Your answer must be an exact copy of the listing, with the images left out.

== Available data ==
=== Section Start ===

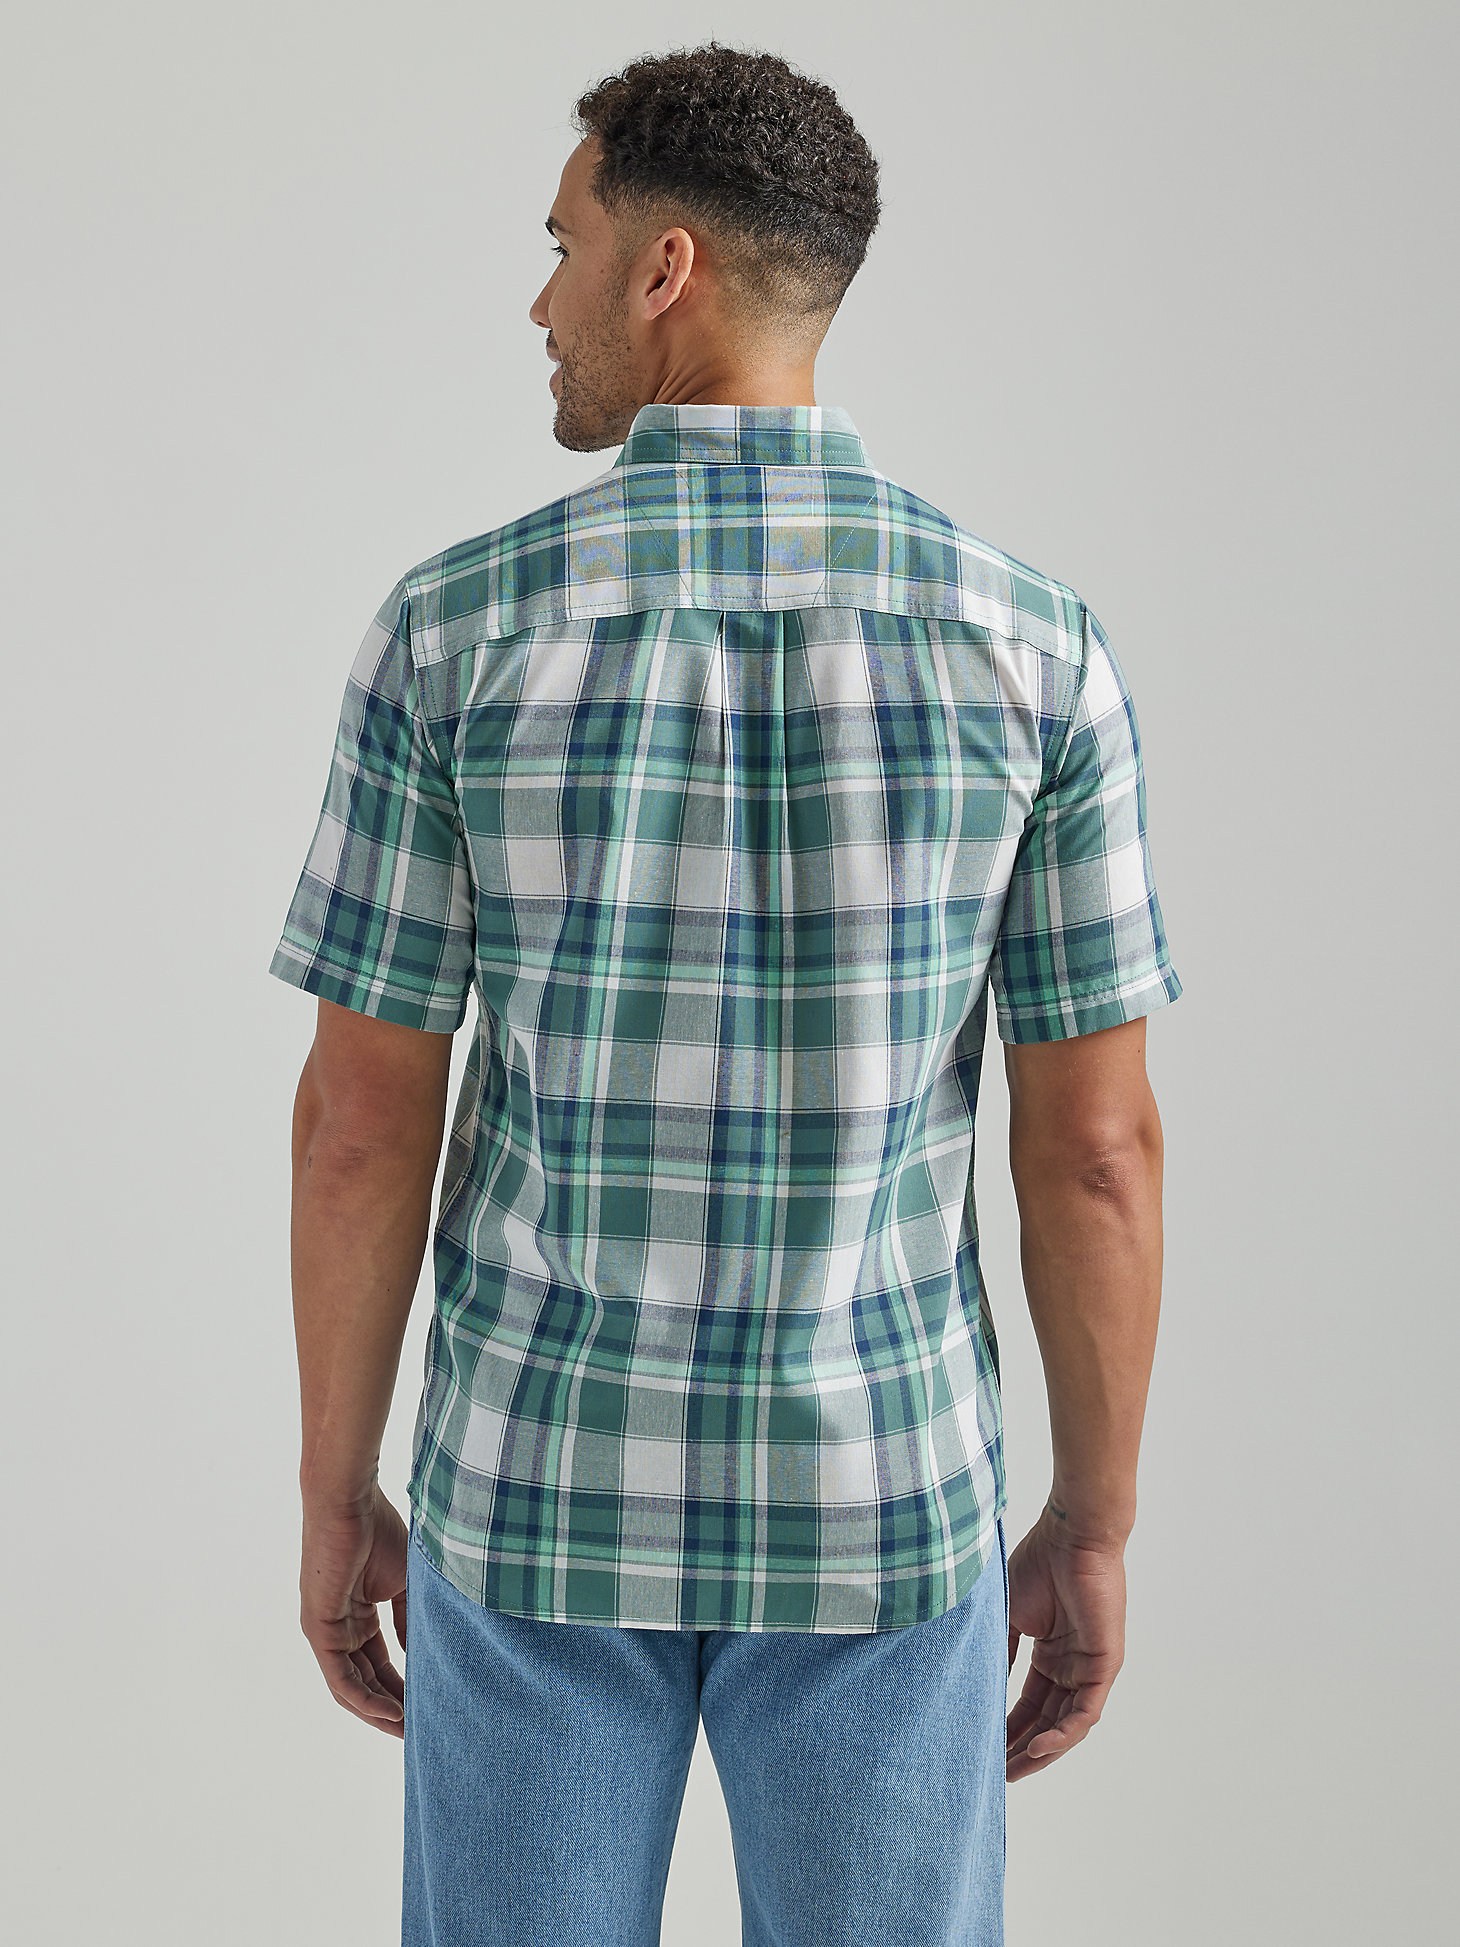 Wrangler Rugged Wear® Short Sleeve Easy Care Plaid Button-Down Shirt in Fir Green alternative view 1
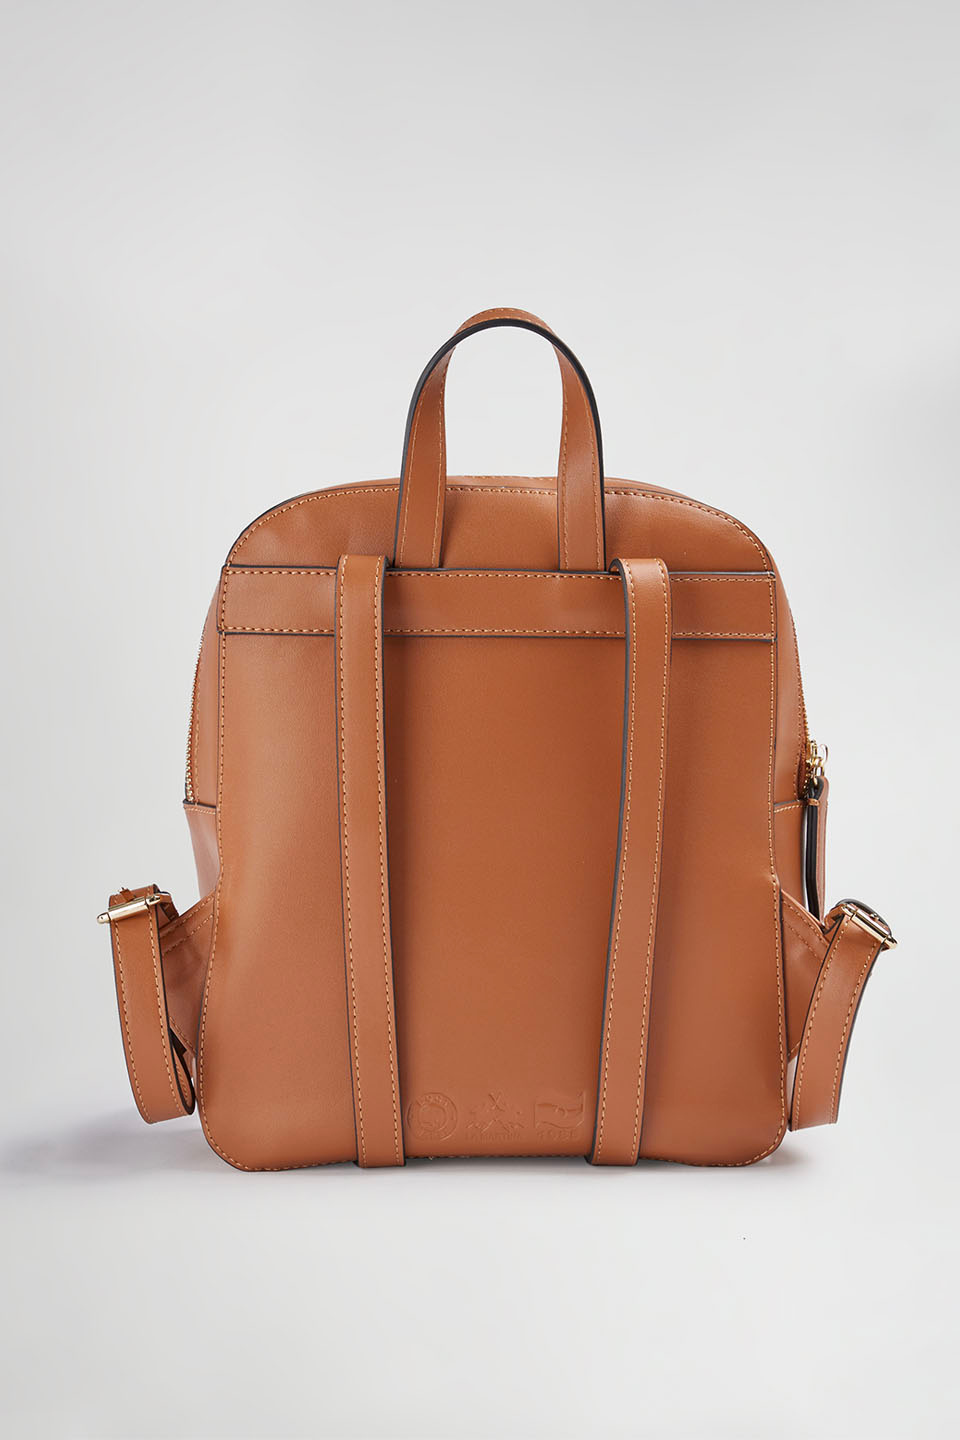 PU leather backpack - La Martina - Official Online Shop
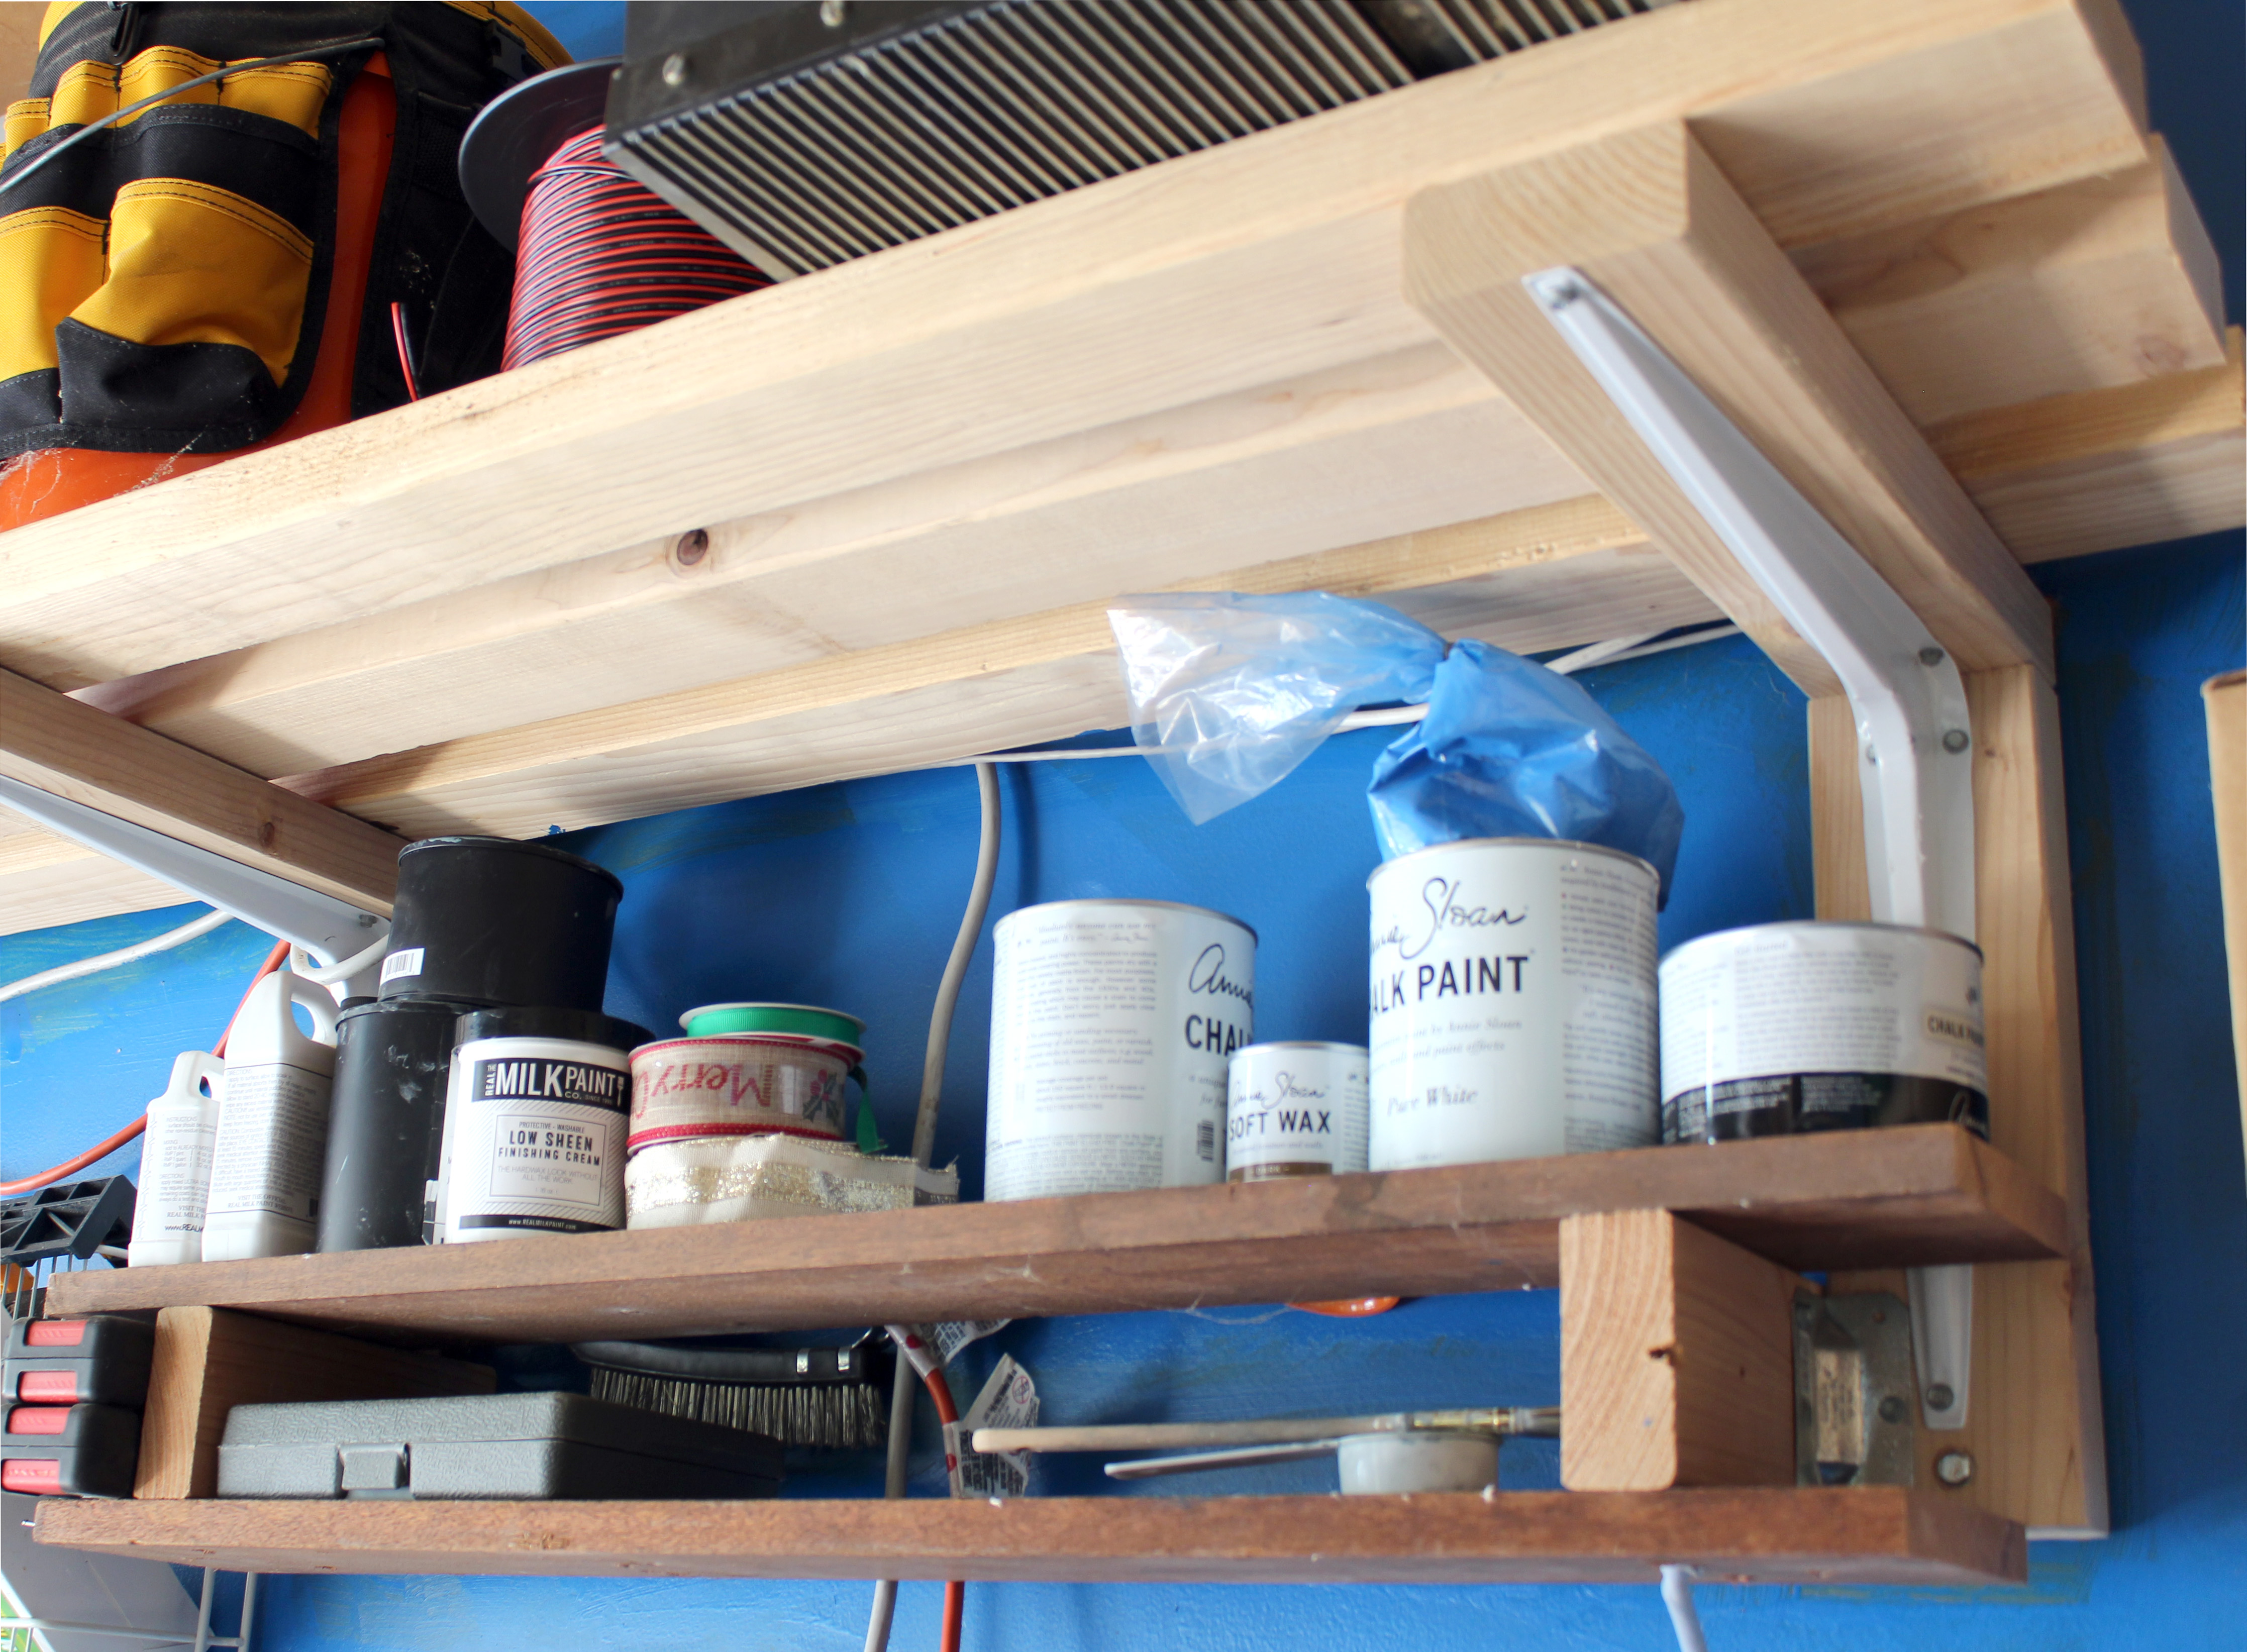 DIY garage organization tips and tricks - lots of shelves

=== Section End ===

== Solution to the exercise ==
 Wrangler Rugged Wear® Short Sleeve Easy Care Plaid Button-Down Shirt in Fir Green alternative view 1
 PU leather backpack - La Martina - Official Online Shop
 DIY garage organization tips and tricks - lots of shelves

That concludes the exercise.